## About this task
Copy exactly the lines of the material below that fall between the line with "Eveline Cosmetics Тональный" and the line with "Top 5 Benefits of Thai Massage in Delhi", both of those lines included; pictures stay out.

───── Source information ─────

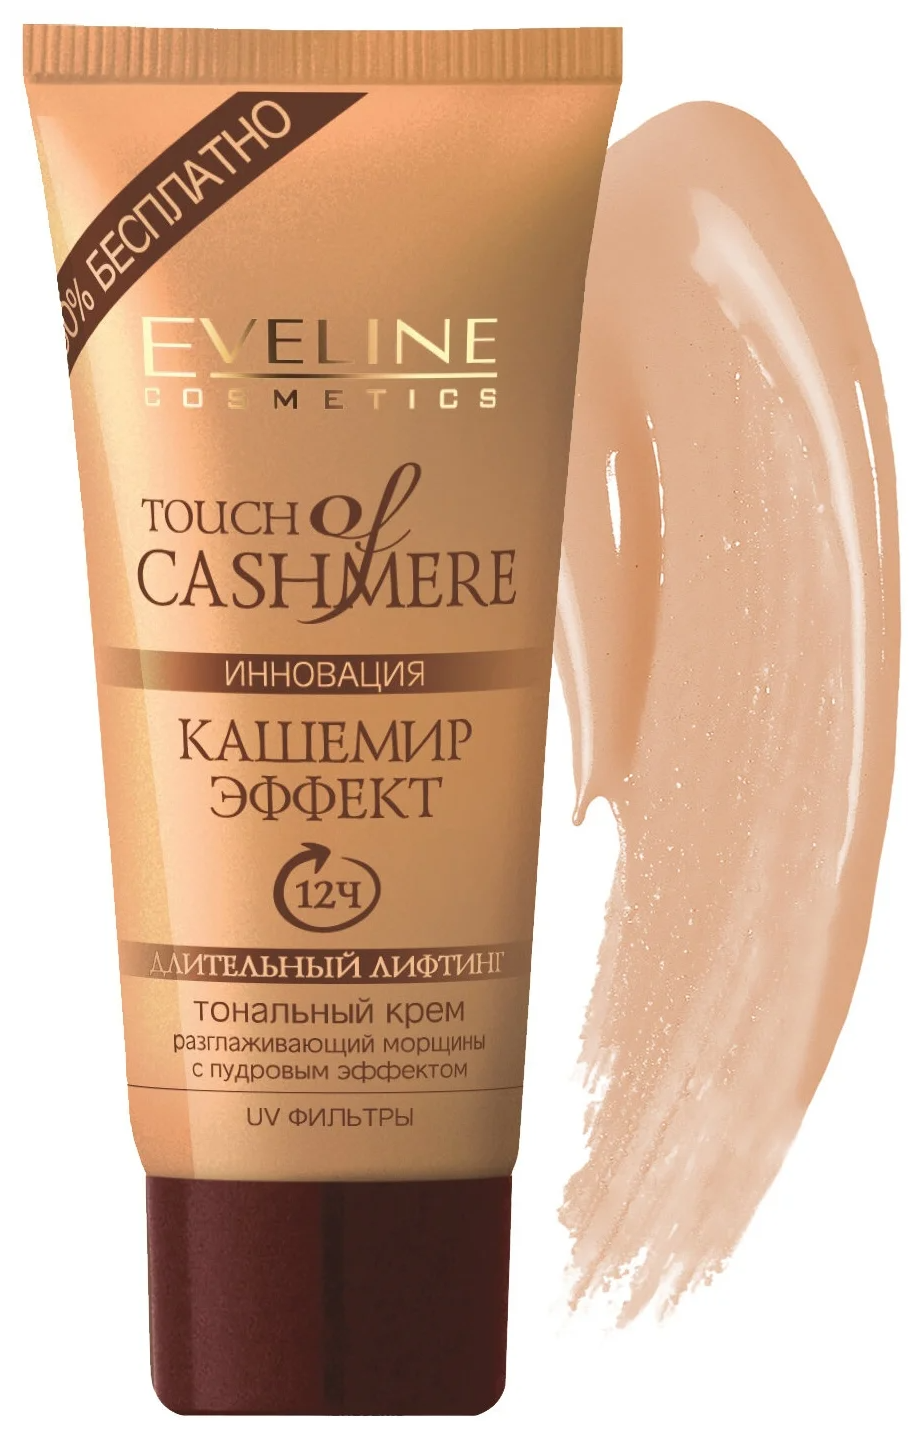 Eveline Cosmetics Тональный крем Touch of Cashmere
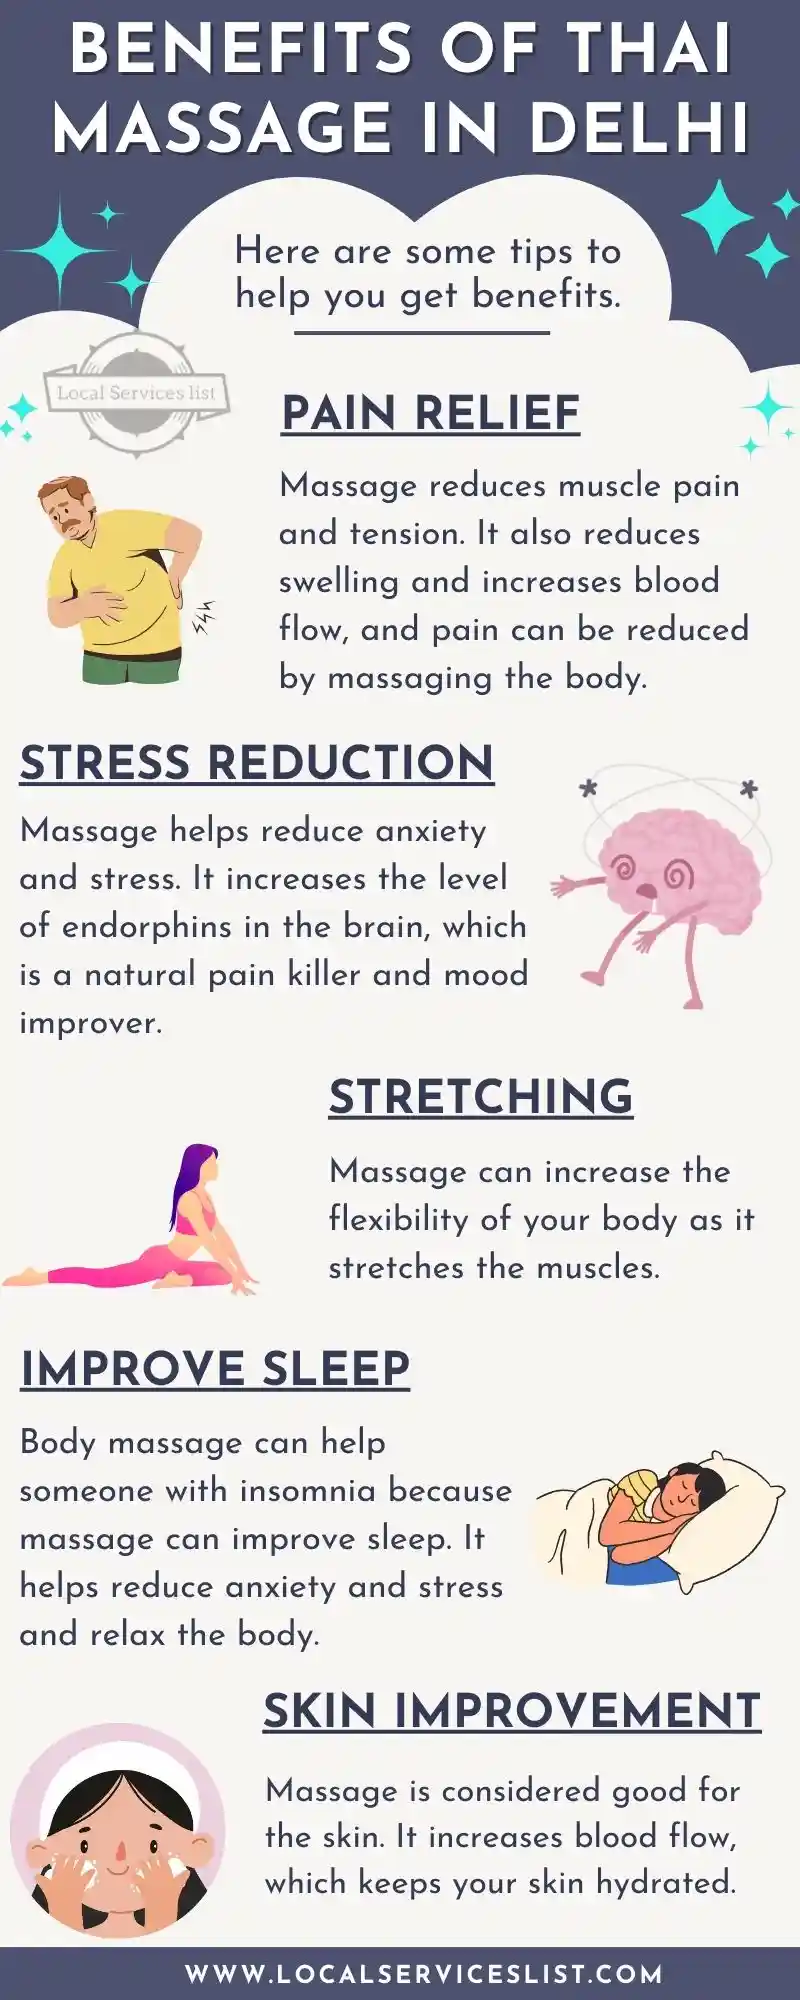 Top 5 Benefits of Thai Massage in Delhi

─────
───── Source information ─────

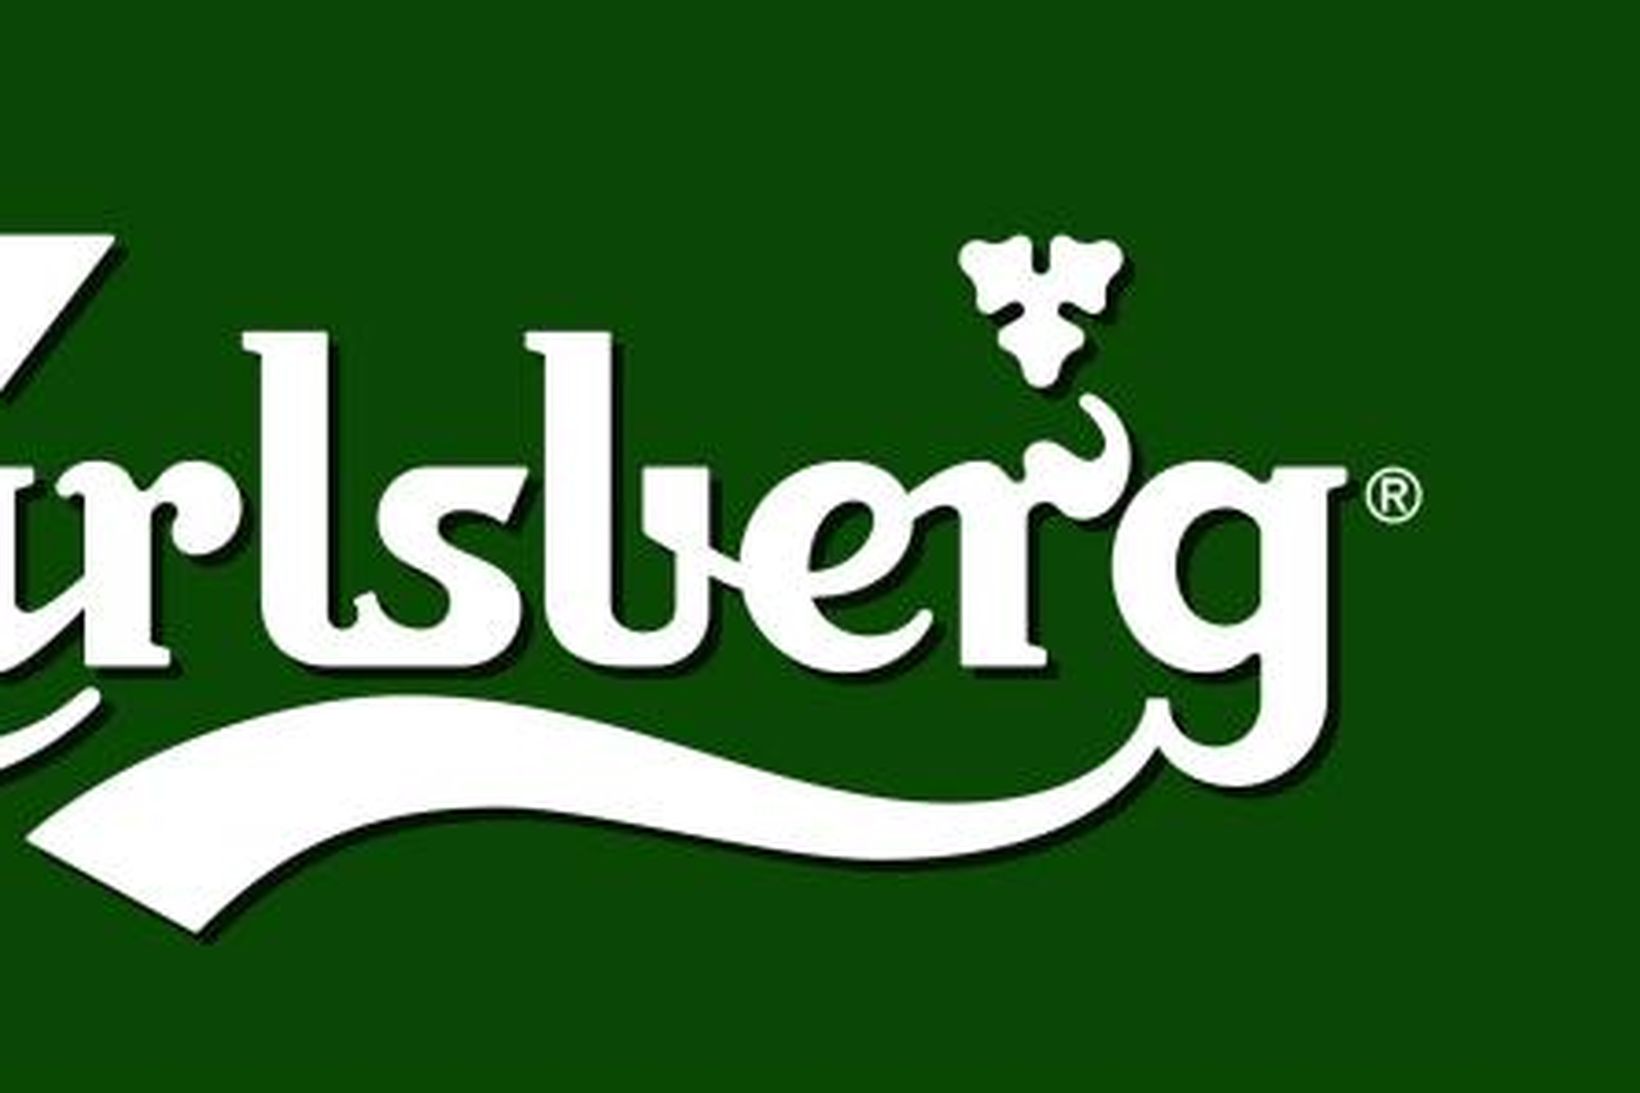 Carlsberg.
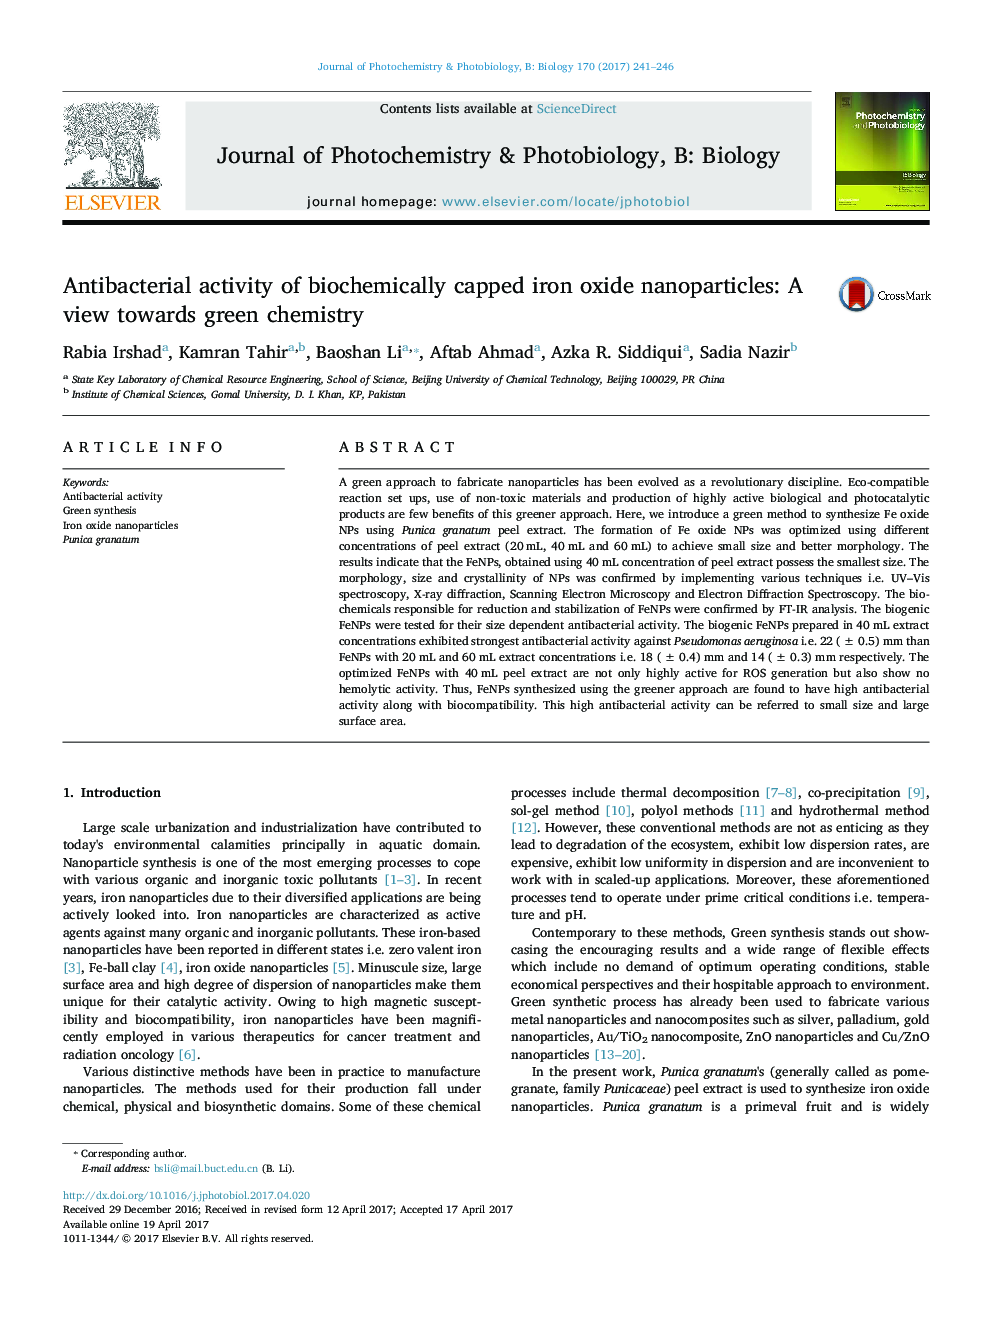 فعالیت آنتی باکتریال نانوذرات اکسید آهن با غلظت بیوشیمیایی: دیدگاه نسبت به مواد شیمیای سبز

─────
───── Source information ─────

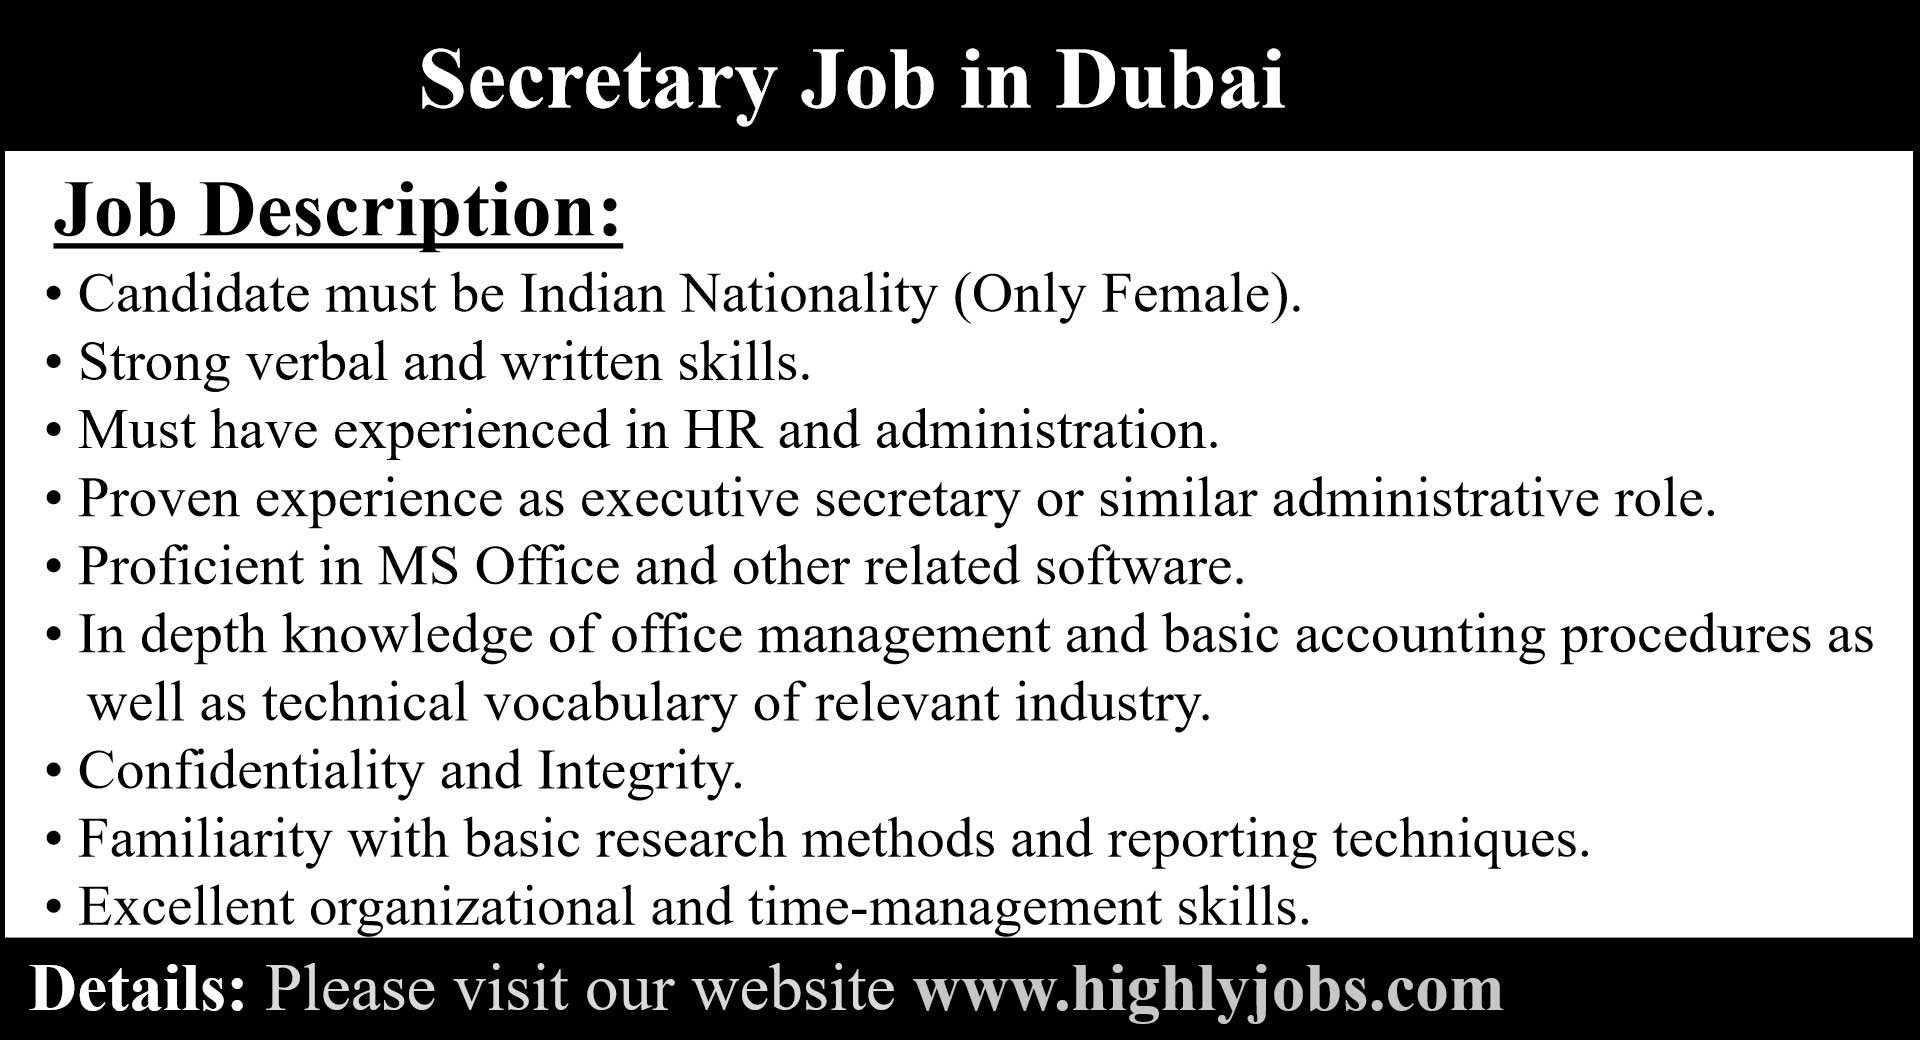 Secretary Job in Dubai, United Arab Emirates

─────

## Answer
 Eveline Cosmetics Тональный крем Touch of Cashmere
 Top 5 Benefits of Thai Massage in Delhi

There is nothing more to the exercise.